The Singleton pattern (singleton, loner) refers to the generative patterns. The Singleton pattern is designed to create a specified number of instances (objects) of a class. The most common use of the Singleton pattern is to create a guaranteed one instance of a class.

The Singleton pattern is important in cases where some classes need a certain number of instances to exist, such as one instance.

The use of global variables does not enforce restrictions on the creation of additional class instances. The global variable gives access to the object, but does not prevent the creation of multiple instances of the class. Therefore, it is advisable to implement these restrictions in the class itself. This is exactly the approach that the Singleton pattern suggests.

The Singleton pattern imposes the following responsibilities on a class:

  • control of the number of copies according to the condition of the problem;
  • return the required number of copies on demand;
  • keeping records of received copies.

Use cases for the Singleton pattern:

  • when you need to create exactly one instance of the class;
  • when you need to create no more than a specified number of class instances;
  • when you need to extend a single instance of a class with derived subclasses.

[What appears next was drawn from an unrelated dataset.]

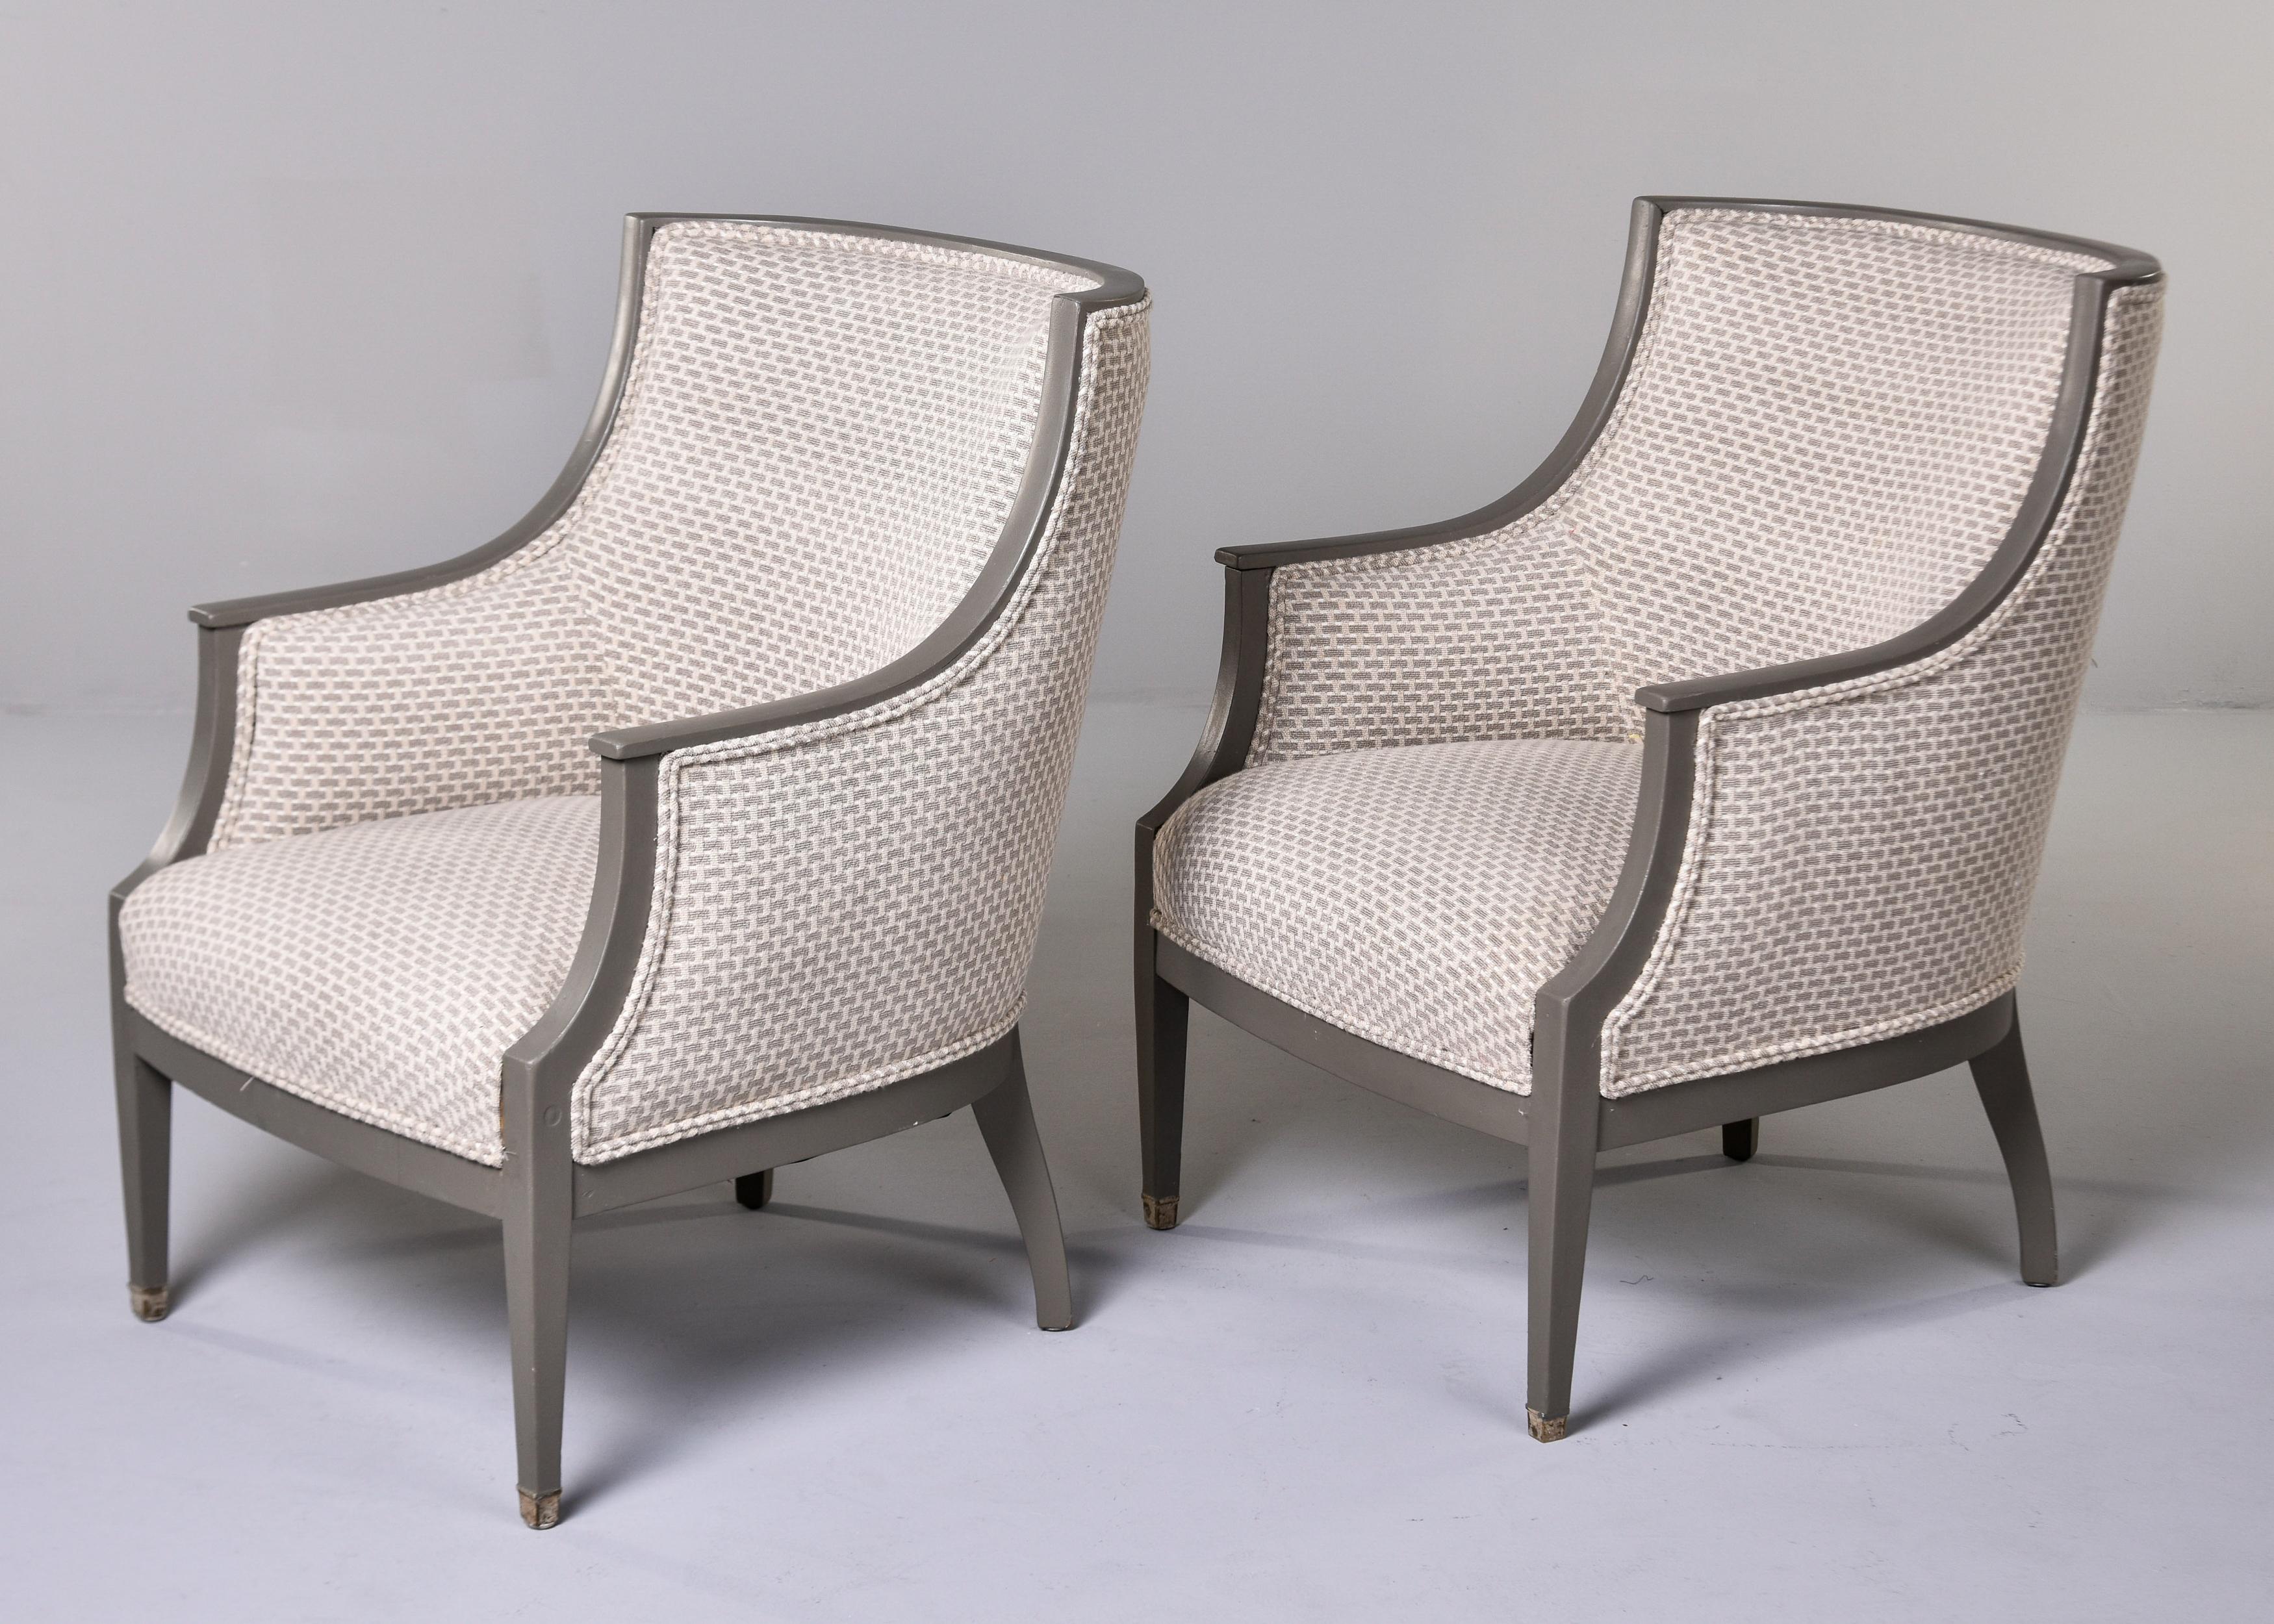 Found in Europe, this pair of Swedish chairs date from the 1930s. Wood frames have a painted finish in a shade of greige. Chairs have been newly upholstered in a cream colored chenille with an all-over, raised, basket-weave style pattern in greige

In this case, the client has the opportunity to use the extended tools (operations, methods) of subclasses without modifying their code.

 

2. Block diagram of the Singleton pattern

Most often, in the literature you can find the following structural diagram of the Singleton pattern (Figure 1).

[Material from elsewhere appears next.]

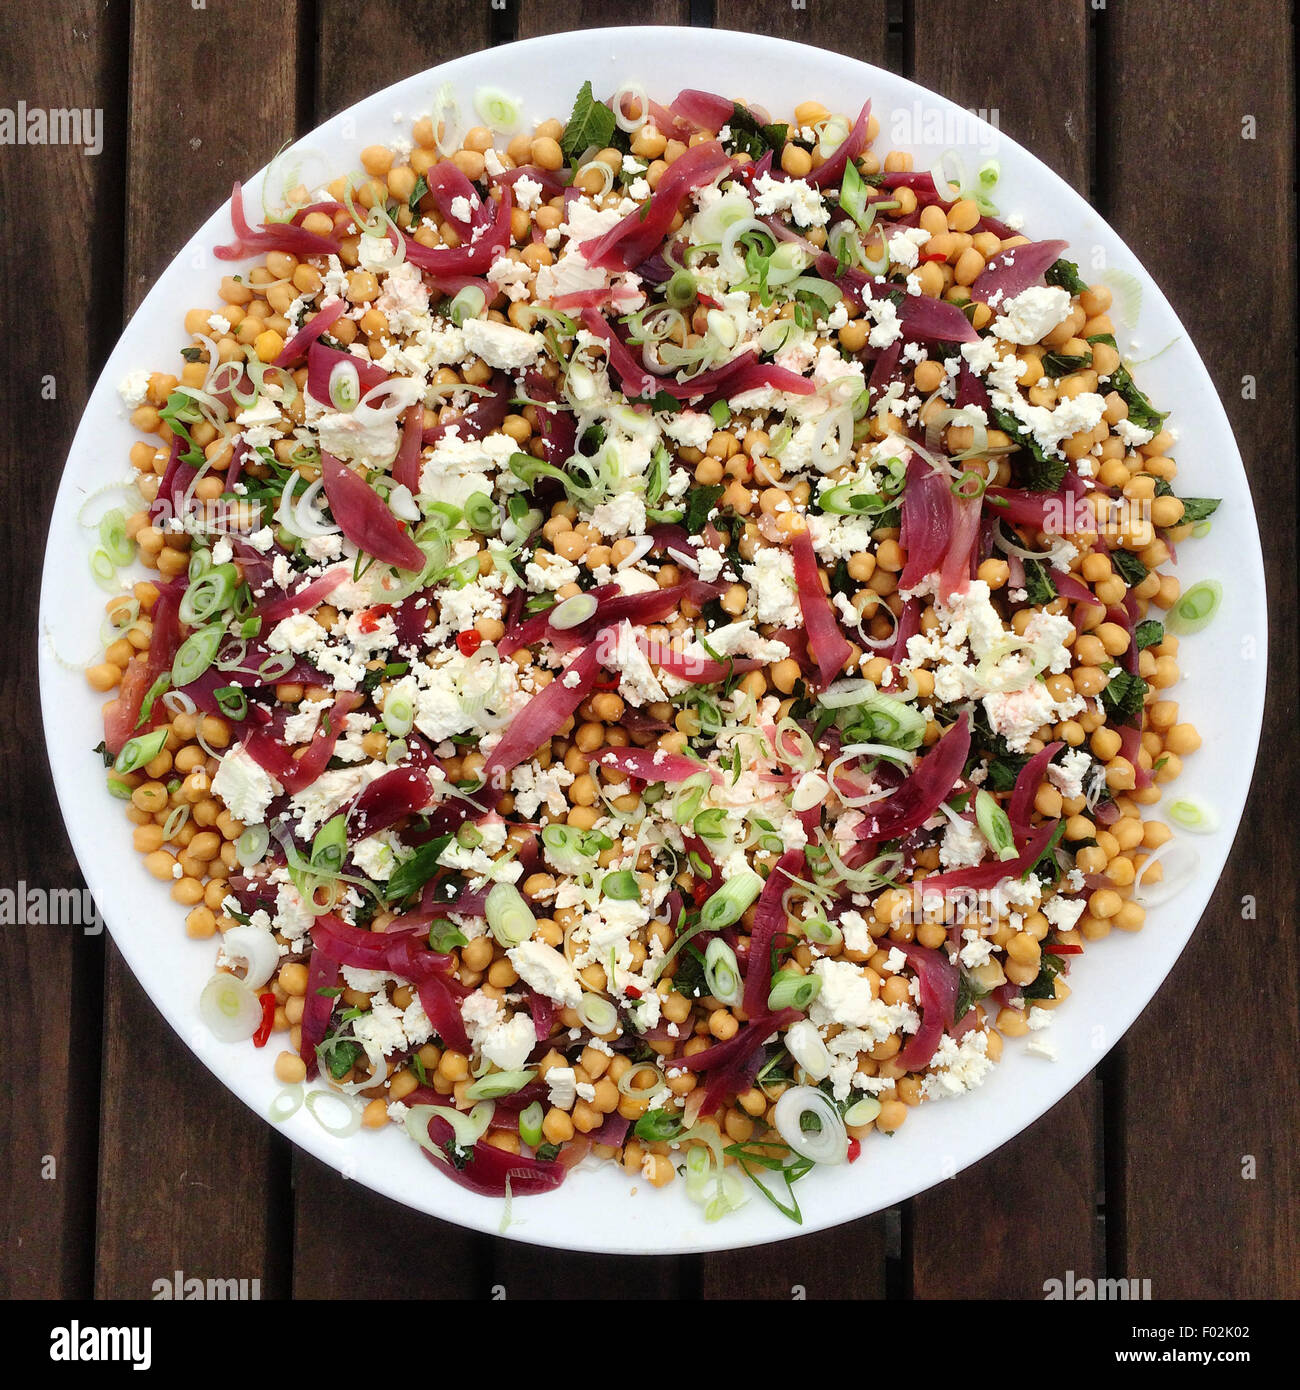 Salad with chickpeas, feta cheese and pickled onions Stock Photo

Block diagram of the Singleton pattern

Figure 1. Block diagram of the Singleton pattern

Figure 1 shows the Singleton class, which contains three methods:

  • Instance() is the main method in which the creation of an instance of the class and control over the number of created instances of the class are carried out. If the number of class instances does not exceed a certain maximum (for example, 1), then the method returns an instance of the Singleton class;
  • SingletonOperation() is a class method that does some work. There can be several methods with any names (for example, SingletonOperation1(), SingletonOperation2(), etc.) that implement the functionality of the class;
  • GetSingletonData() – a class method that returns data. A variety of methods can be implemented here depending on the requirements set for the class.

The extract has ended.